The head of China's statistics bureau ordered statisticians to stop using methods that introduce innaccuracies in grain statistics. In doing so, he reveals some of the problems that plague China's statistical system.
On June 9, 2013, Ma Jiantang--commuist party chief and director of China's National Bureau of Statistics--was inspecting the summer grain crop in Anhui Province when he called for local statistical survey personnel to ensure the correctness and truthfulness of statistics on grain output. His comments implicitly reveal some of the problems with the statistics.

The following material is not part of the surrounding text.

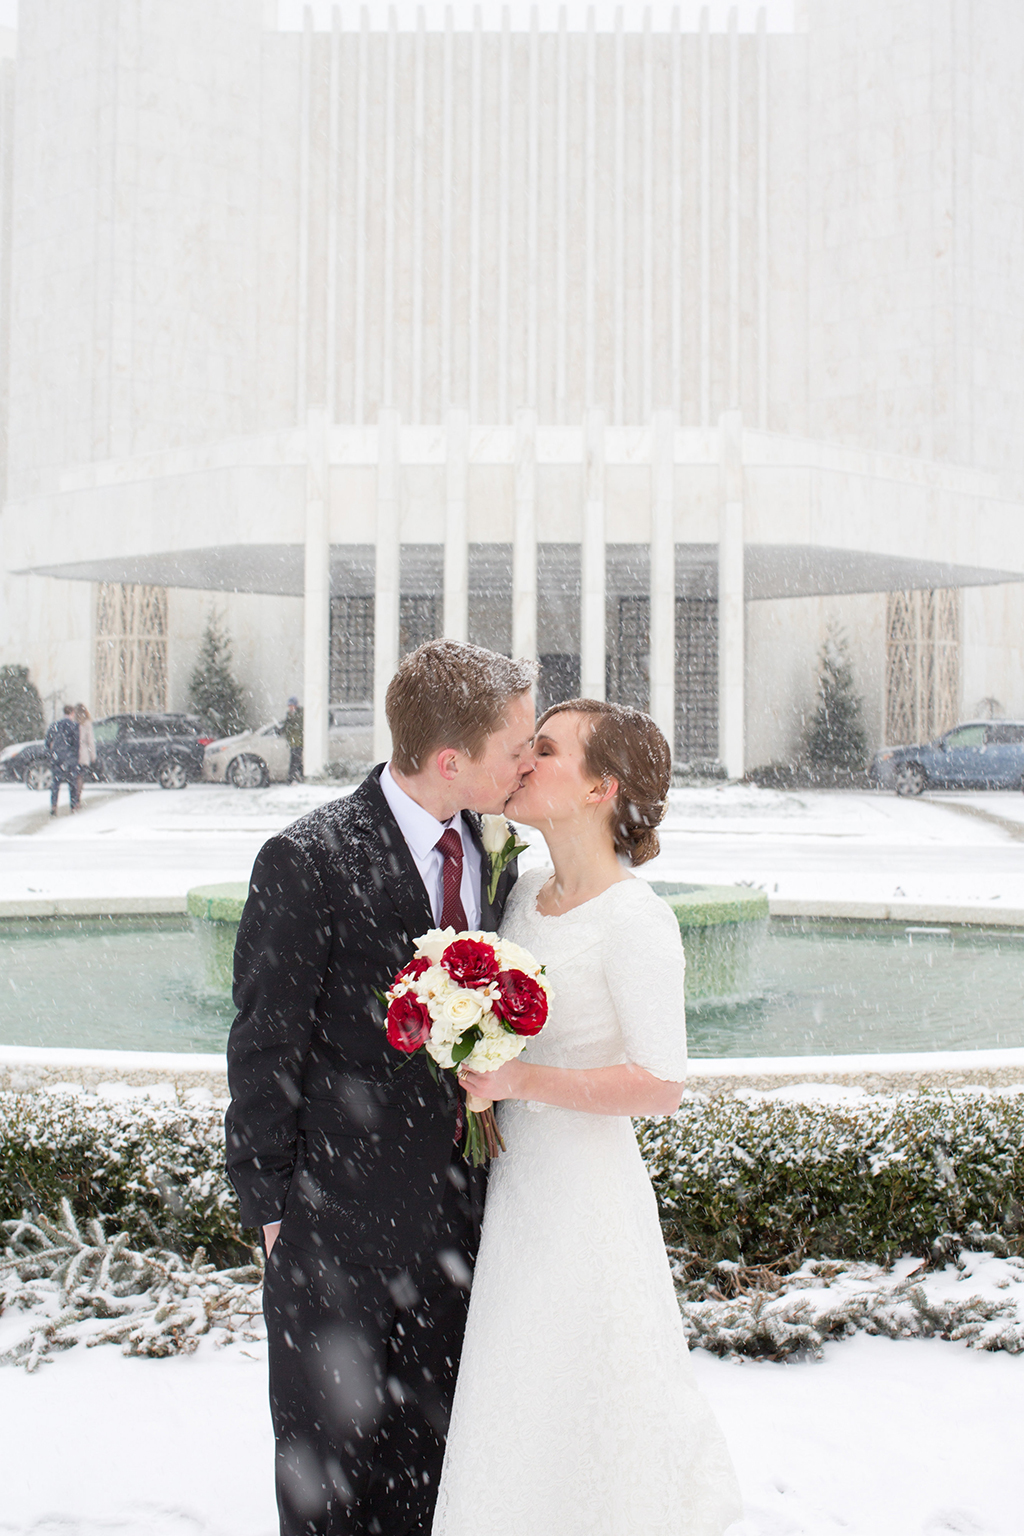 Washington DC snowstorm wedding jonas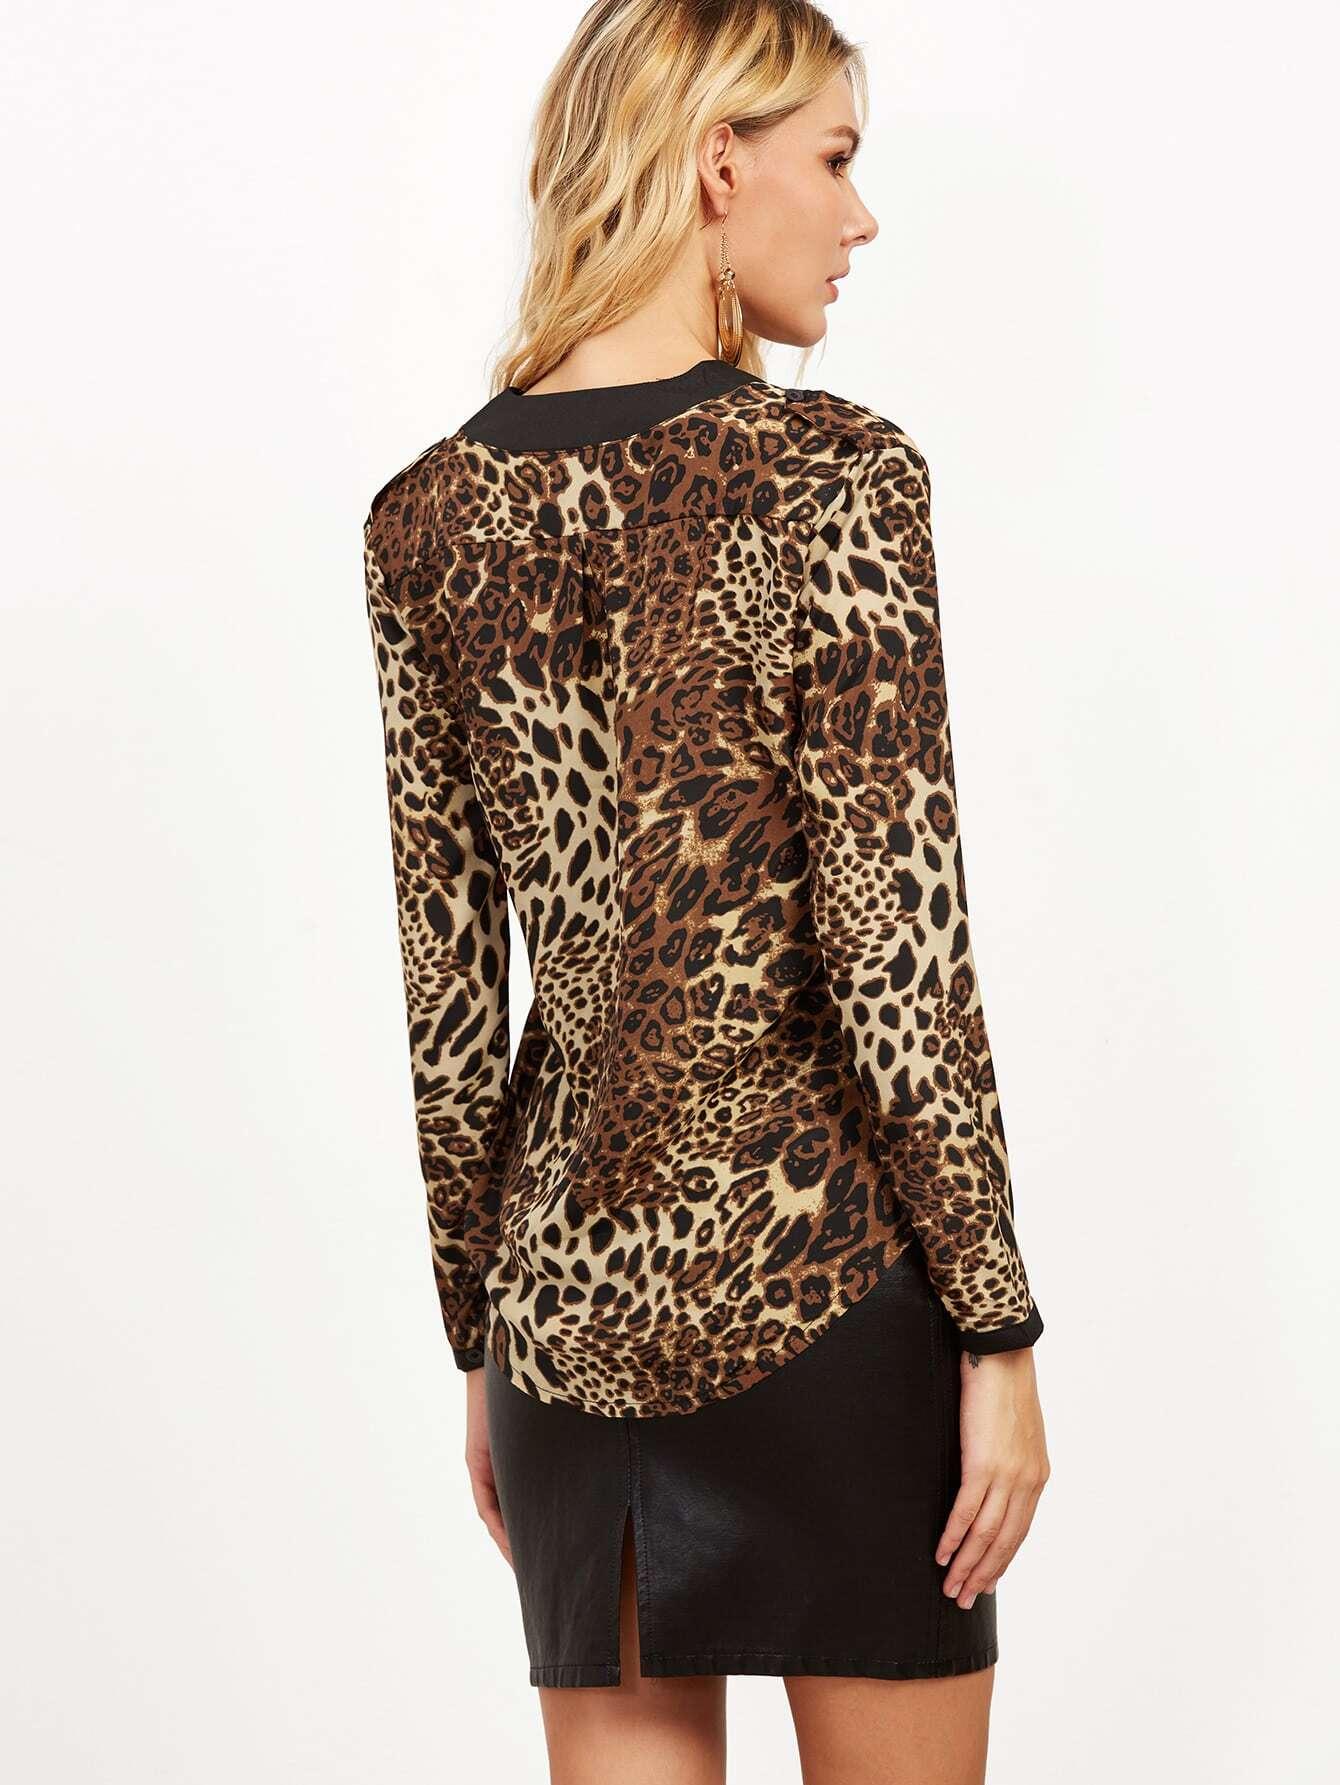 blouse160921102_2

Actually, China's grain statistics are among the few agricultural data items that are estimated with statistically sound survey methods. Most agricultural data is still reported up from level to level using administrative methods. But for grain crops, the statistics bureau selects a national sample of villages and plots of land and sends out survey teams to collect cuttings from fields in order to estimate yields. Area planted is based on surveys of farmers' reported plantings in the sample villages which are benchmarked to total crop area measured in decennial agricultural censuses.
The main problem seems to be that the survey teams fail to strictly follow procedures and the National Bureau has no means of knowing how the survey teams actually collect the data. The survey teams are composed of provincial and local statisticians, town and village officials. Based on Mr. Ma's orders, it sounds like local survey teams adopt varying methods, either out of laziness or intent to bias the statistics.
Mr. Ma ordered sample survey teams to strictly implement scientific sampling and estimation methods in a unified and standardized manner. In other words, "Do it the way we told you to do it!"
Ma ordered the statisticians to take actual cuttings from actually measured sample fields without expanding or shrinking the number. In other words, "Don't just make up numbers because it's too much trouble to go out to the village and actually take samples. Record what the number actually was, not what you think it should be! Measure the field with a tape measure, not a bamboo rod!"
Ma said not to miss any grain on the stalks and carefully measure every grain; thresh the grain carefully; and don't take grain from another field to measure output from a sample field. In other words, "Don't be lazy about measuring the grain, and if all the stalks in a field were killed by bugs put down a zero--don't go looking for a 'better' field as a substitute!"
Ma told them to carefully dry the grain, accurately measure the moisture and weight, and make reasonable estimates of losses based on local practices in harvesting and storing grain. In other words, "Don't record an overestimate of the weight of wet grain and don't forget to deduct the grain that falls on the ground and gets eaten by rats when it's shoveled into bags!"
Mr. Ma said to follow strict regulations in auditing and reporting data up to the next level. In other words, "Don't pad the numbers to make the local officials look good or to qualify for subsidies!"
Ma Jiantang's orders are a reminder that procedures are rarely carried out as they are written. While the leaders may have devised "scientific" methods learned from western "experts," they rarely have any control over how procedures are implemented on the ground by people who have a grade school education or who have an interest in manipulating the data. China's "scientific" approach to development is rarely scientific in actuality since one of the foundations of science is strict standardized procedures. Standardization is antithetical to Chinese society which is based on the "hills are high and emperor is far away" maxim that has always conferred flexibility on local officials in implementing the "emperor's" orders.
The implicit acknowledgement of the statistics' lack of accuracy and truthfulness will come as a surprise to Mr. Chen Xiwen, the Chinese communist party's top rural policy advisor. In 2008, Mr. Chen felt compelled to assure the world that China's grain statistics are true and reliable because they are based on scientific survey methods.